European Union civilian power
Equally radical was the idea that the EU was not about military defence. It always portrayed itself as a civilian power lacking territorial ambitions and military capabilities. Its sights were on removing barriers within the group. The roots of the single market and freedom of movement run that deep. Providing defence support to Ukraine is a watershed moment.
However, the Soviet Union and Russia have historically seen the EU as a threat to totalitarian or communist ways of governance. Therefore, when Poland, Czechoslovakia, Romania, Hungary, Bulgaria, and the disintegrating former Yugoslavia clamoured to join the EU, former Soviet and Russian leaders interpreted this as rejection of their way of life. It was and is.
The rejection is not simply political. Blind ‘loyalty’ to the leader can’t be magicked up and sustained if freedoms others enjoy are not on offer and realised. And while alternative lifestyles aren’t military threats, such aspirations are seen as posing an existential threat that governments can’t readily control. Cuts to freedom are a sign that the governments have already lost the battle where their own people are concerned. The people’s hearts and minds are not theirs for taking.
The lesson of Ukraine
Inside the EU, there has been much soul-searching about sustaining European values and opening democratic participation to all. This is exemplified by the Conference on the Future of Europe that seeks inputs from ordinary citizens as the EU looks forward to reforming how it works to accommodate the desires of rising generations.
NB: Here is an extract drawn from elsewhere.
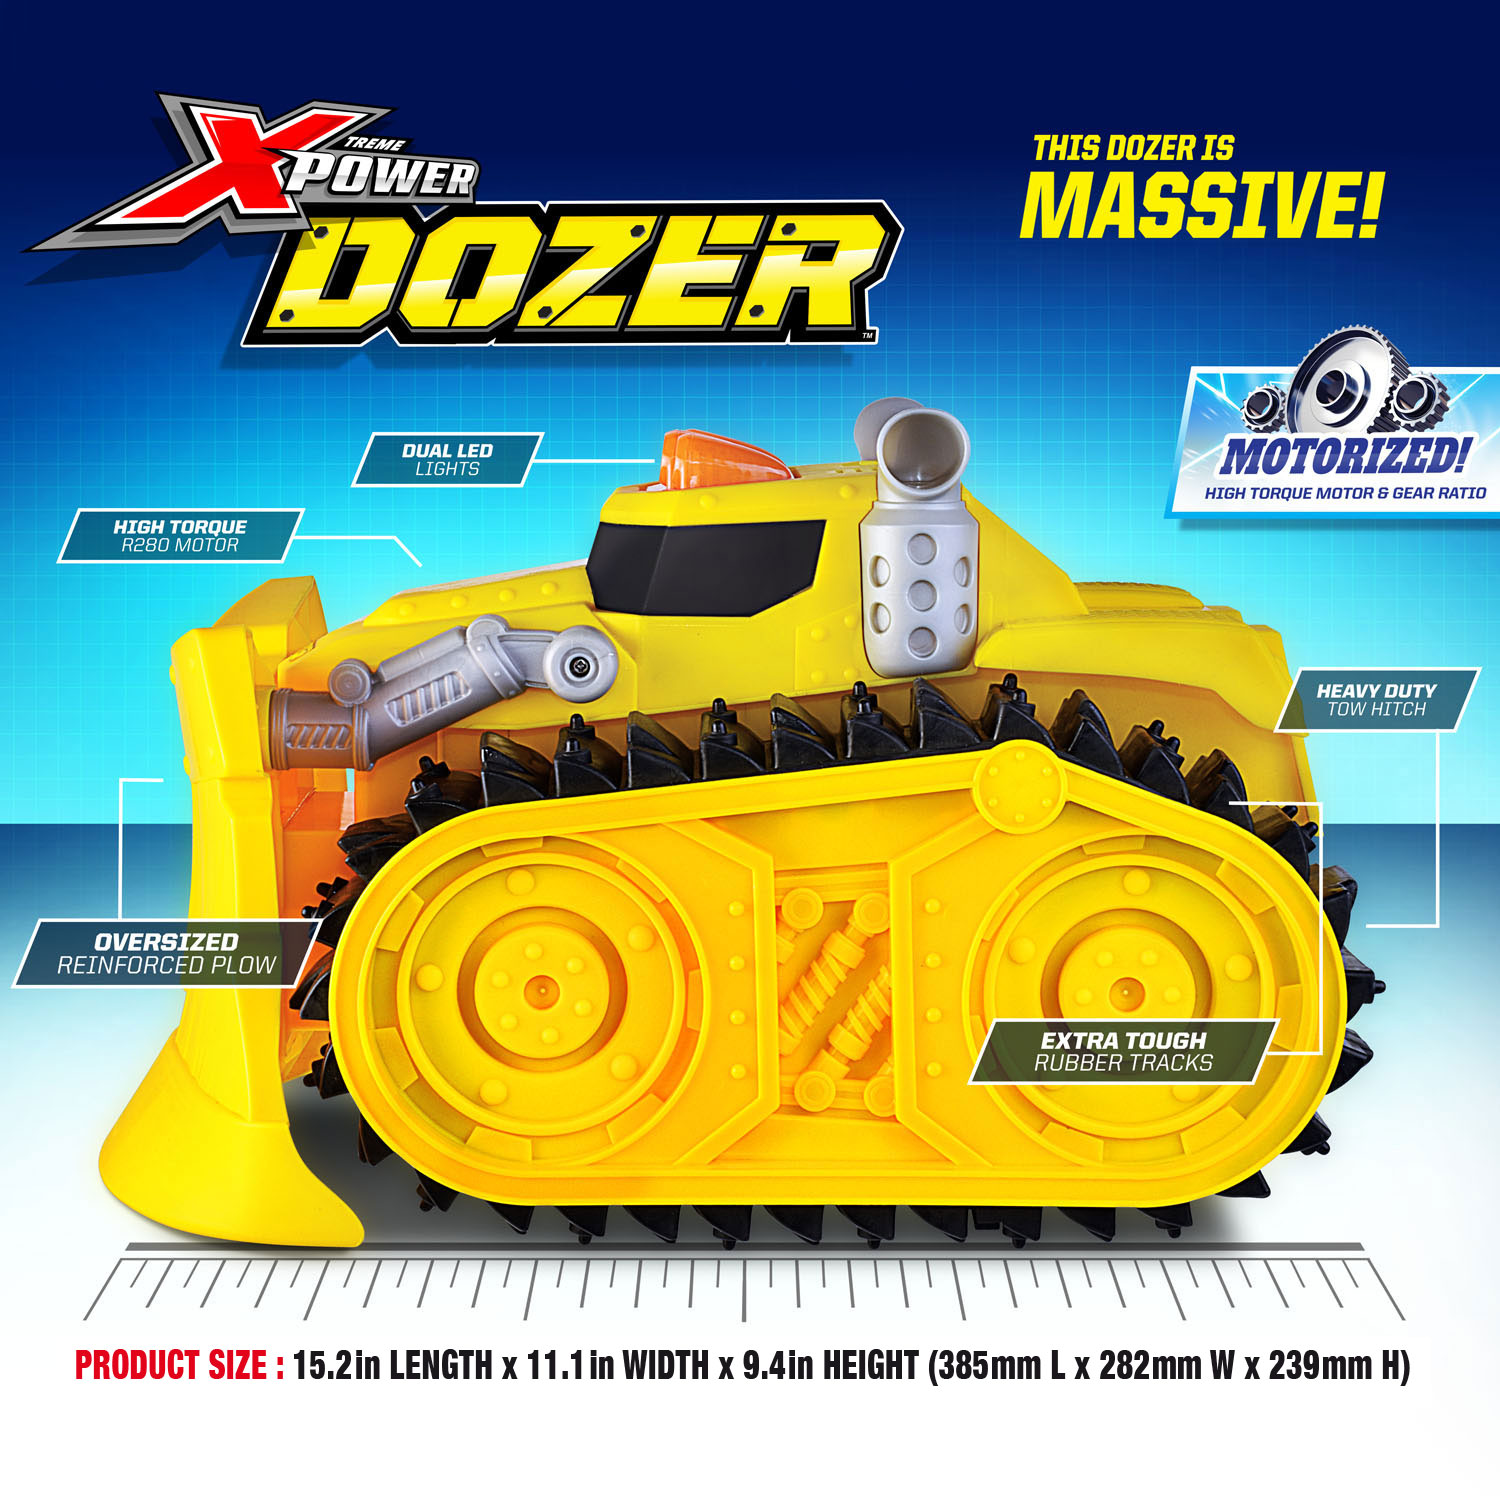 Xtreme Power Dozer - Motorized Extreme Bulldozer Toy Truck for Toddler Boys & Kids Who Love Construction ToysPlow Through Dirt, Toys, Wood, Rocks-Indoor & Outdoor Play-Spring Summer Fall Winter - image 2 of 9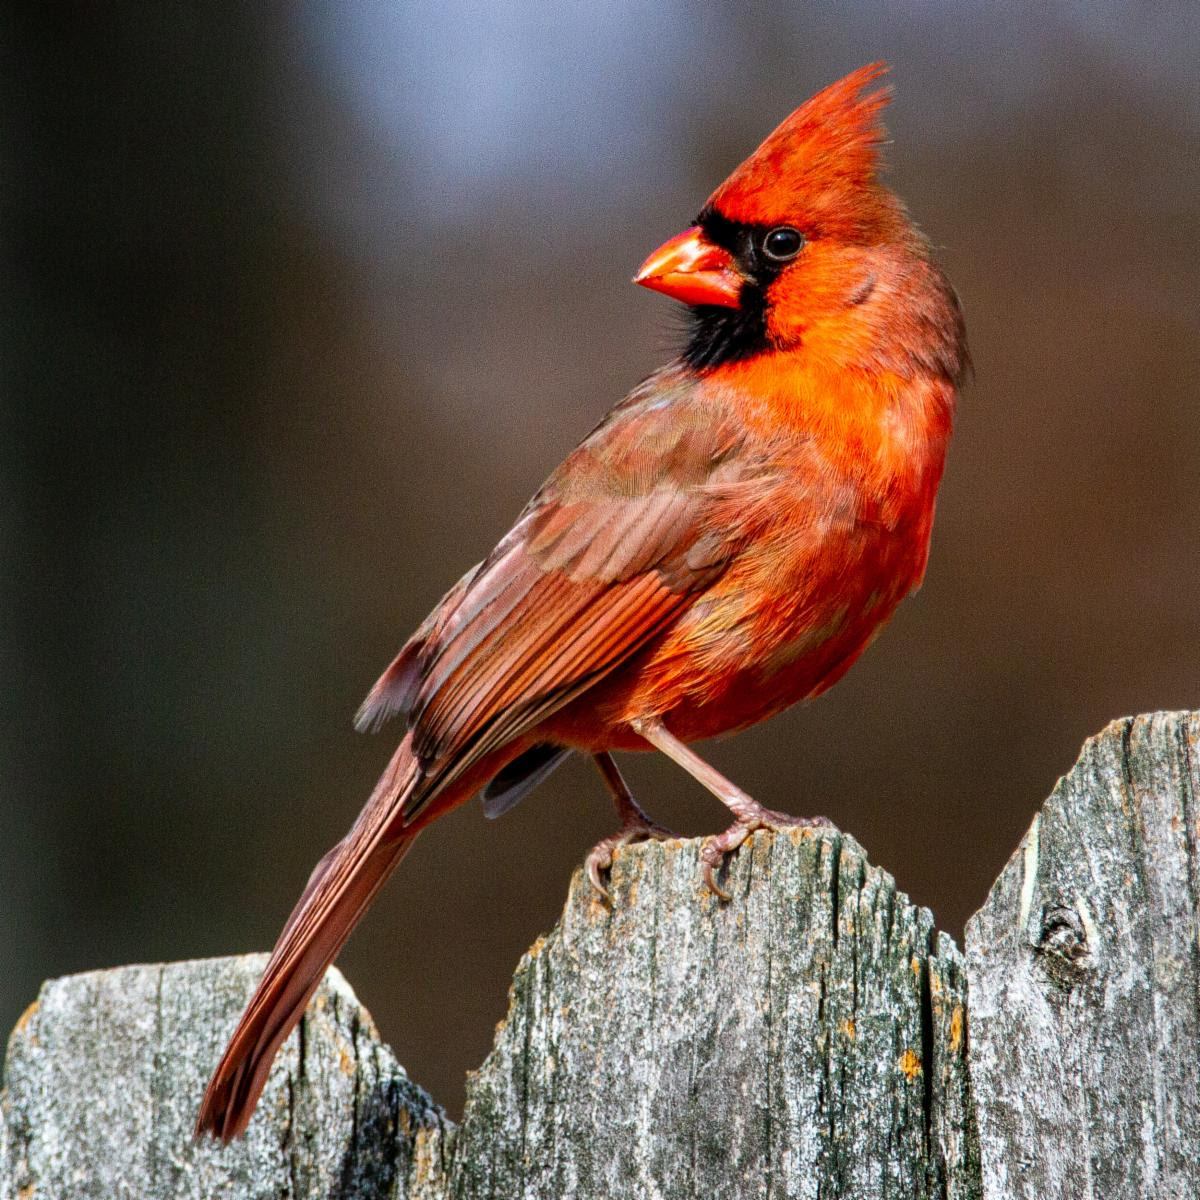 A male northern cardinal perched on a fence.

So when Ukraine proclaimed that it shares EU values, it shook our complacency and reminded us how freedom matters. Freedom of expression, freedom to move around Europe freely, to share and to give voice to new ideas and to treat each other with mutual respect are more than ideals. They are central to our way of life. And even in 2022, they are profoundly radical and subversive.
When President Zelensky gave notice of applying for full membership of the EU, and people within the EU responded with humanitarian aid and started campaigning for EU citizenship to be granted to Ukrainians fleeing war, we were reminded of just how radical and subversive of nationalism the European idea is. People embody the values tyrants most fear.
“Prove that you are Europeans – then light will win over darkness”
President Zelensky to European Parliament 1 March 2022
Generations have learned that European integration is a peace process to take for granted until faced with external threats or worse the Russian special ops designed to undo the EU and destabilise the West. Since 1945, academics and leaders advised that faced with an external threat, integrating states would pull together. They underestimated the other element in the equation: people power. The most radical sanction against Russia now would be to grant EU citizenship to Ukrainian citizens, and unilaterally restore it to Brits. Offering it to fleeing Russians is also under consideration.
As Ukraine reminds us, our values transcend anachronistic borders. Is now the time when the peoples’ voices are heard and change is realised together?